EXERCISE BRIEF
The answer must consist only of the lines in the records below from the line with "Фестиваль Маджонга: Зимняя" to the line with "Hendee's Radiation Therapy", both included, copied word for word with every picture left out.

SUPPLIED RECORDS
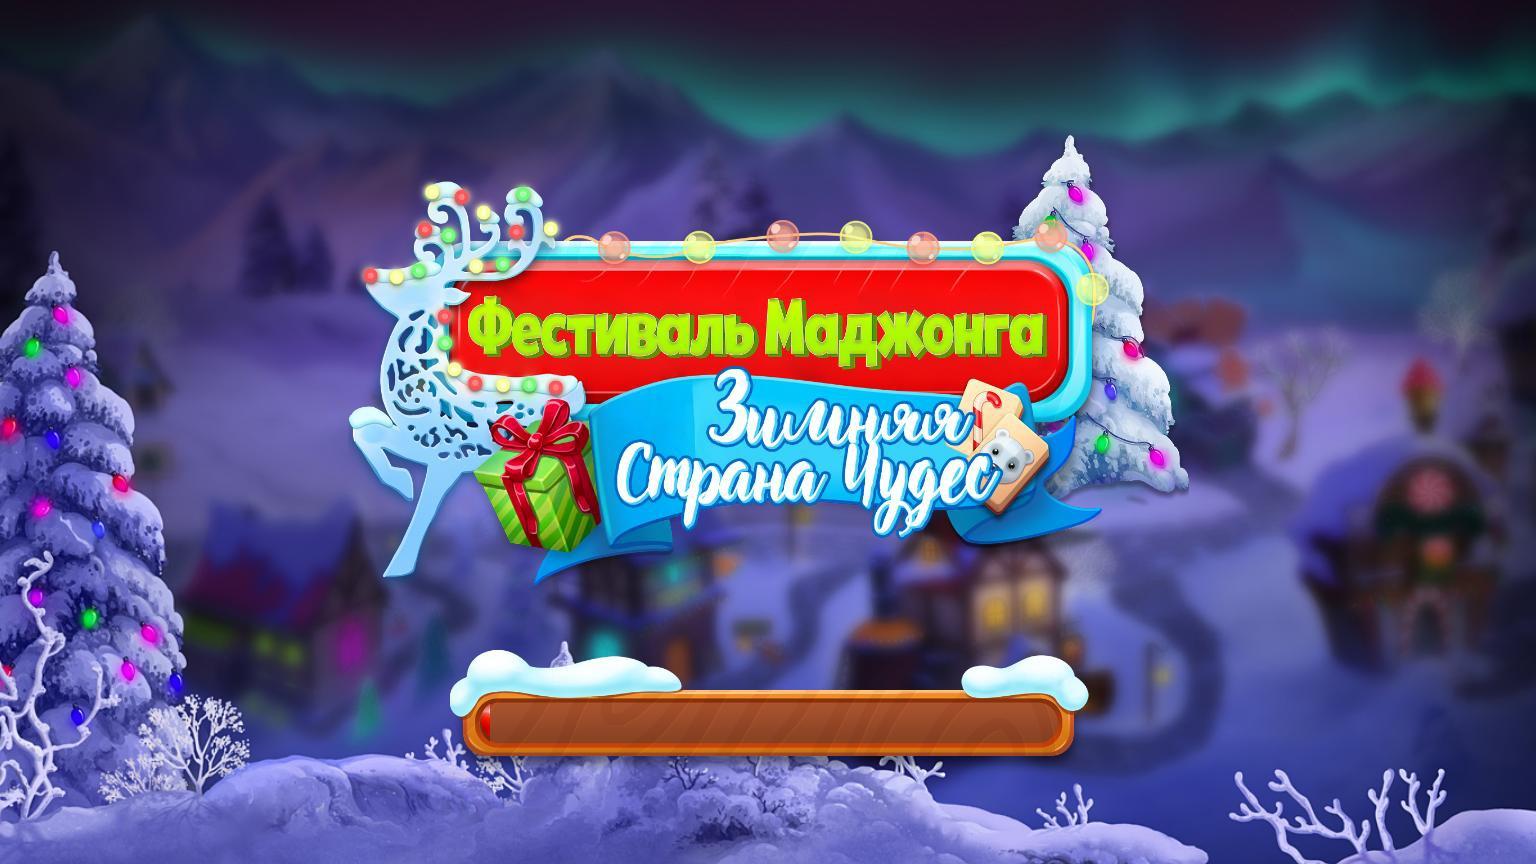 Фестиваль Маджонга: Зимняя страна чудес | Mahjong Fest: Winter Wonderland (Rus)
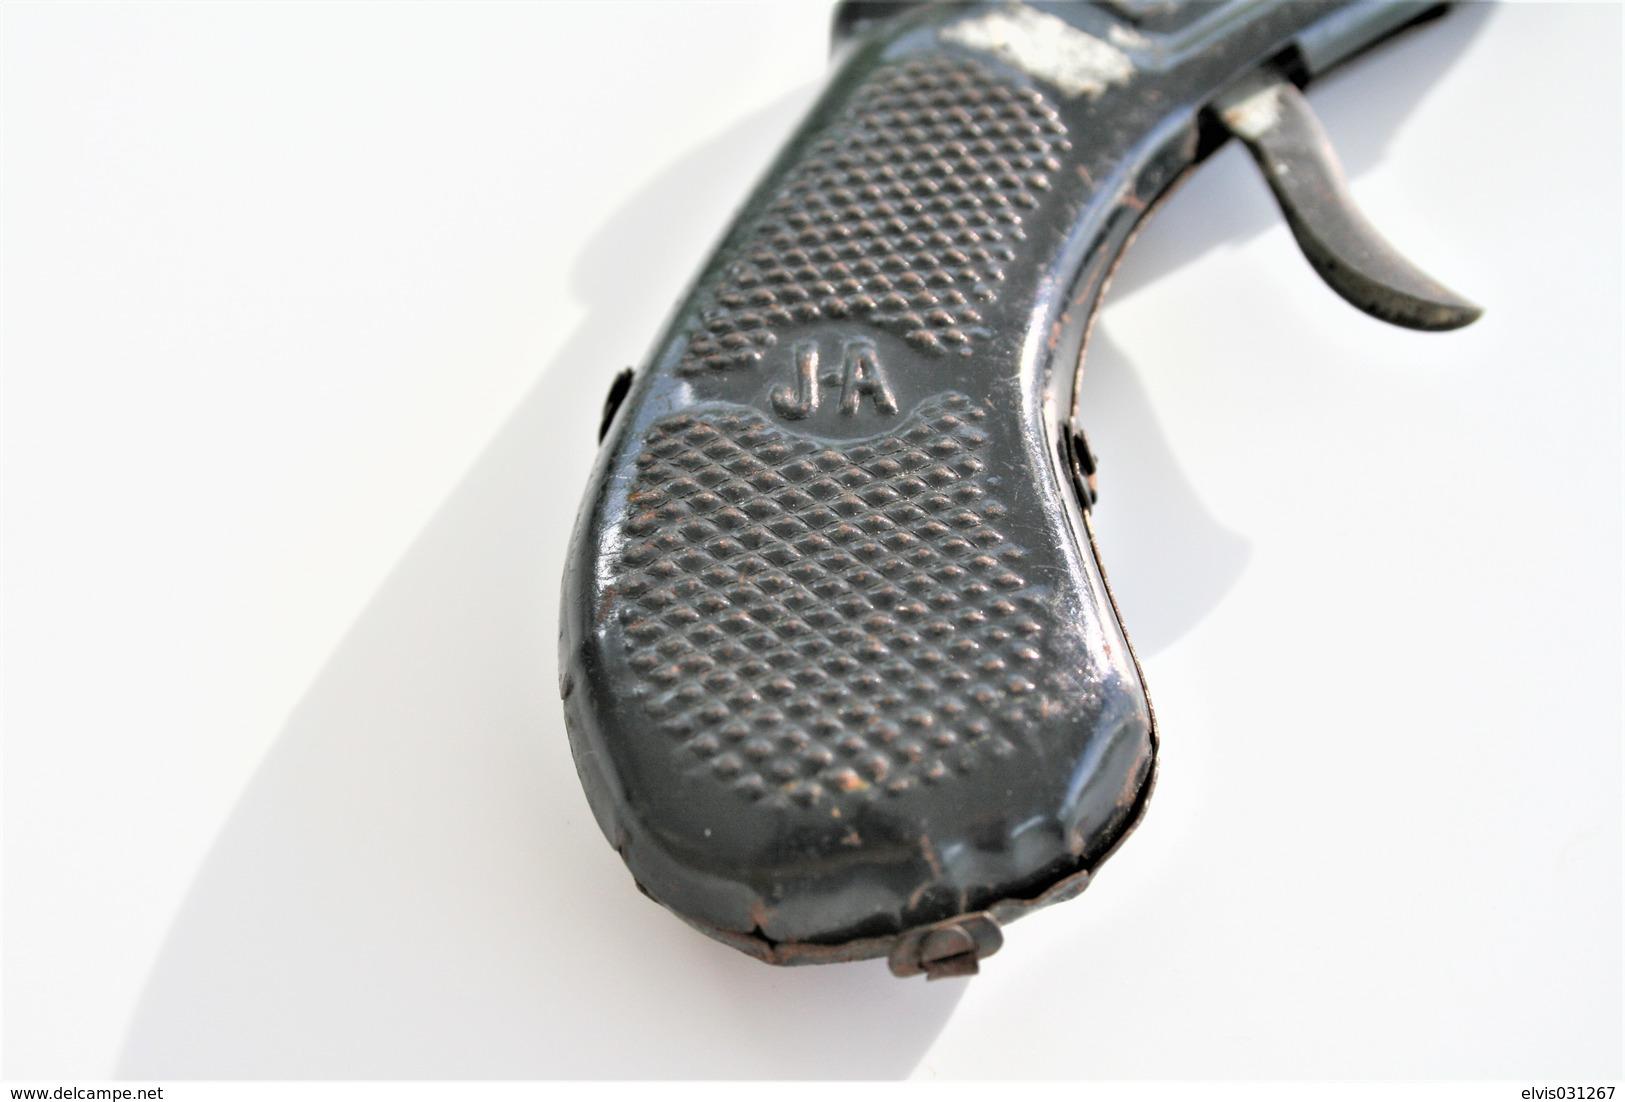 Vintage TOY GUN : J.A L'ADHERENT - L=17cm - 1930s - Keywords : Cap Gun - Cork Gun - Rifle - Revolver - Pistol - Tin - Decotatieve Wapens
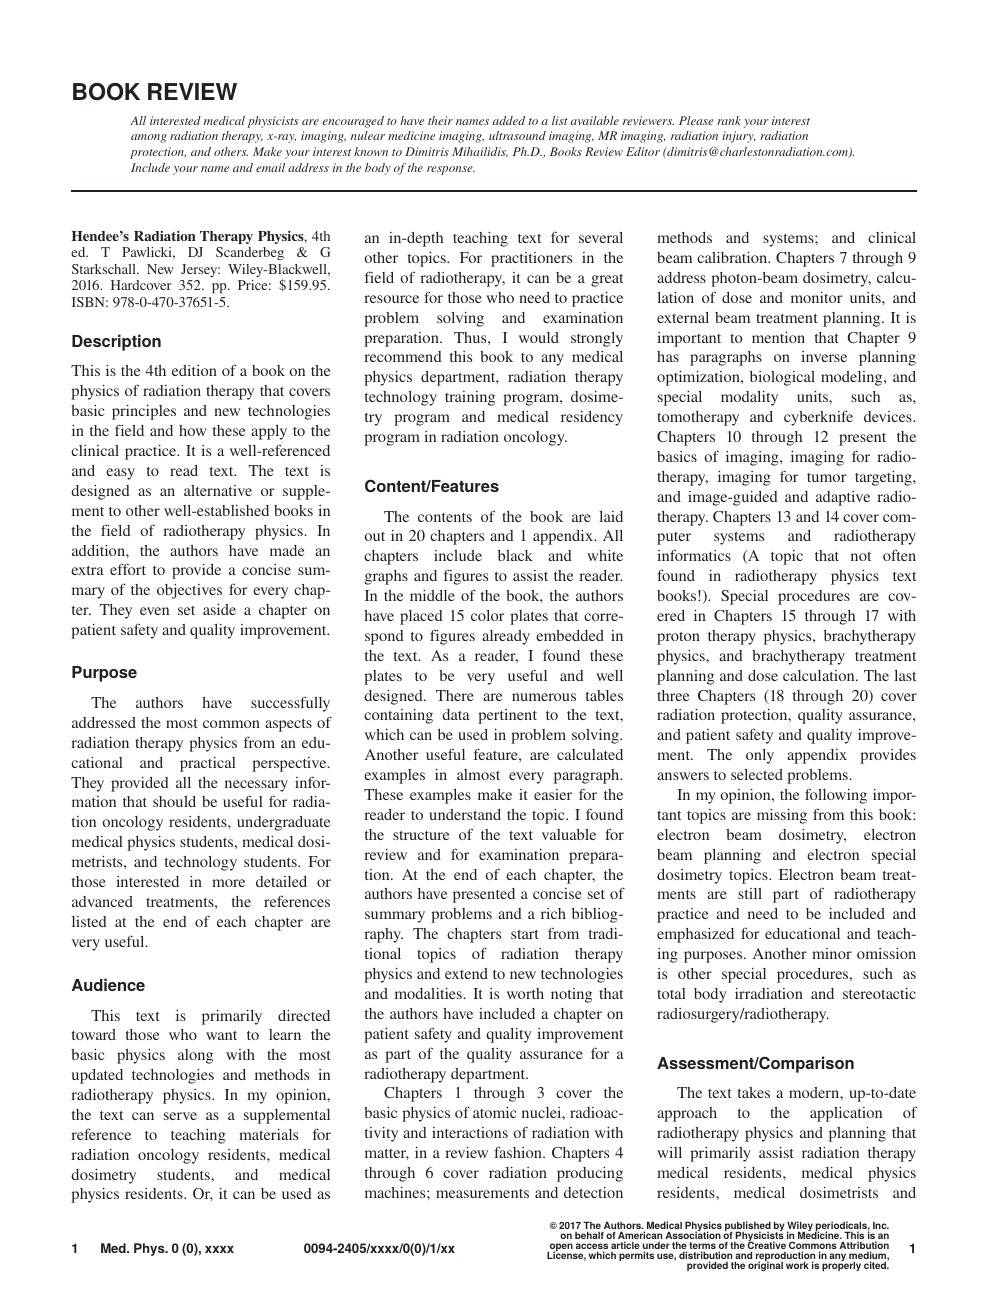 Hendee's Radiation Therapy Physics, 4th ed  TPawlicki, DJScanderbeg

--

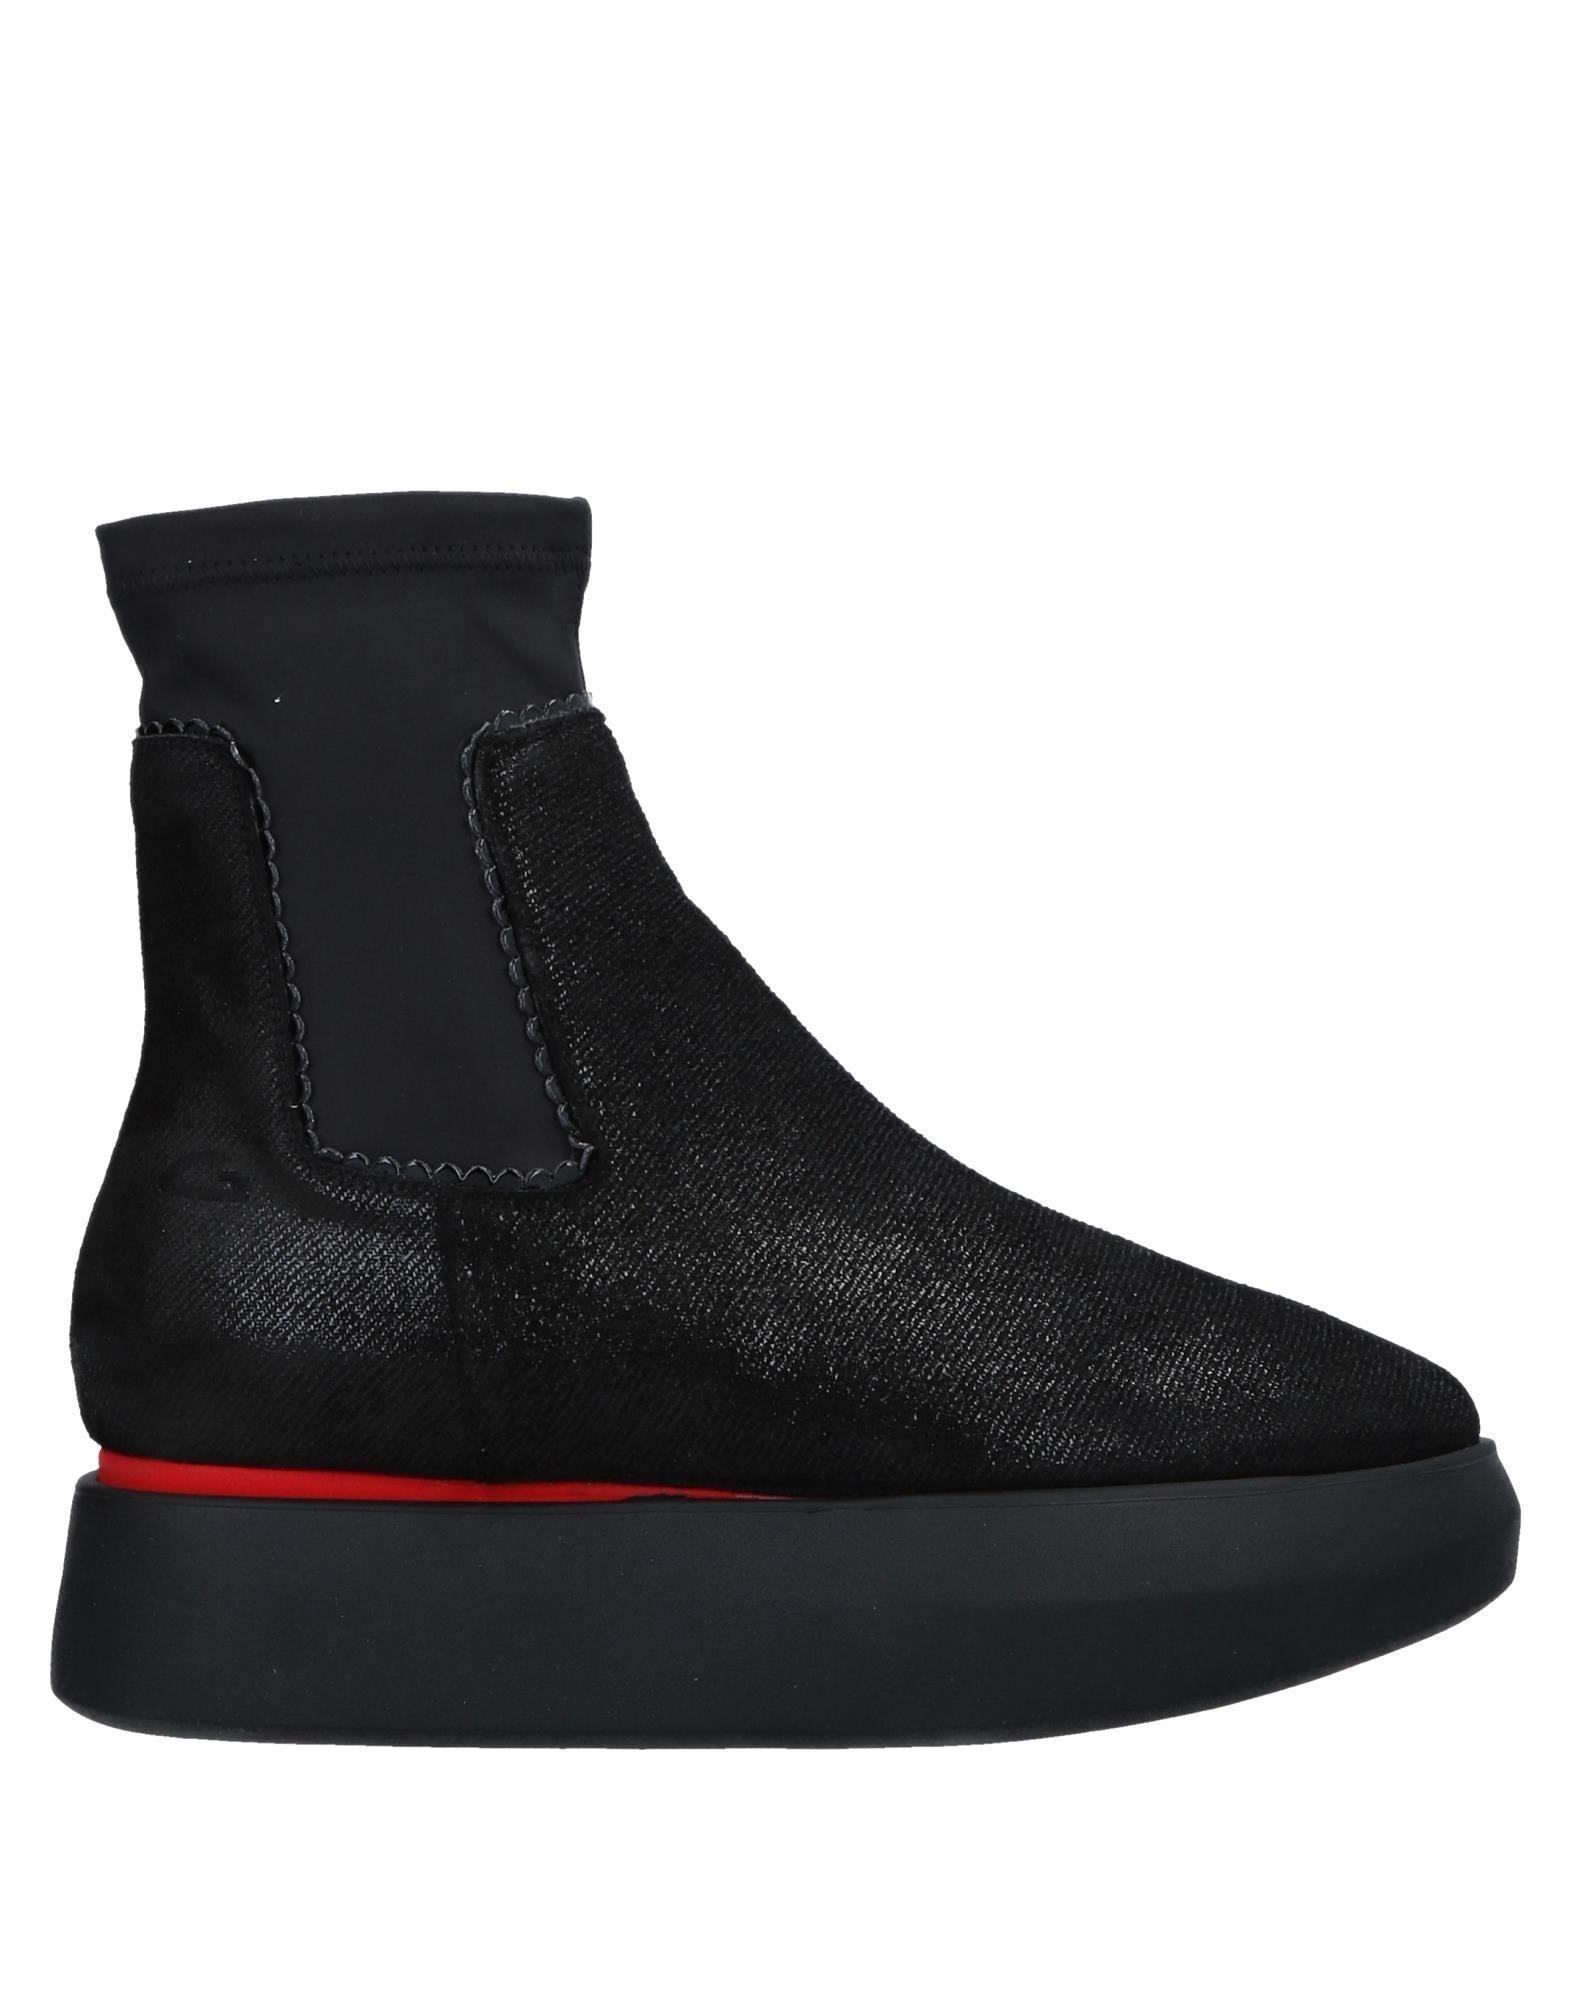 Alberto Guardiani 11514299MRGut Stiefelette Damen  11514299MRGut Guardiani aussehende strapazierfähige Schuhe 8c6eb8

TASK RESULT
 Фестиваль Маджонга: Зимняя страна чудес | Mahjong Fest: Winter Wonderland (Rus)
 Vintage TOY GUN : J.A L'ADHERENT - L=17cm - 1930s - Keywords : Cap Gun - Cork Gun - Rifle - Revolver - Pistol - Tin - Decotatieve Wapens
 Hendee's Radiation Therapy Physics, 4th ed  TPawlicki, DJScanderbeg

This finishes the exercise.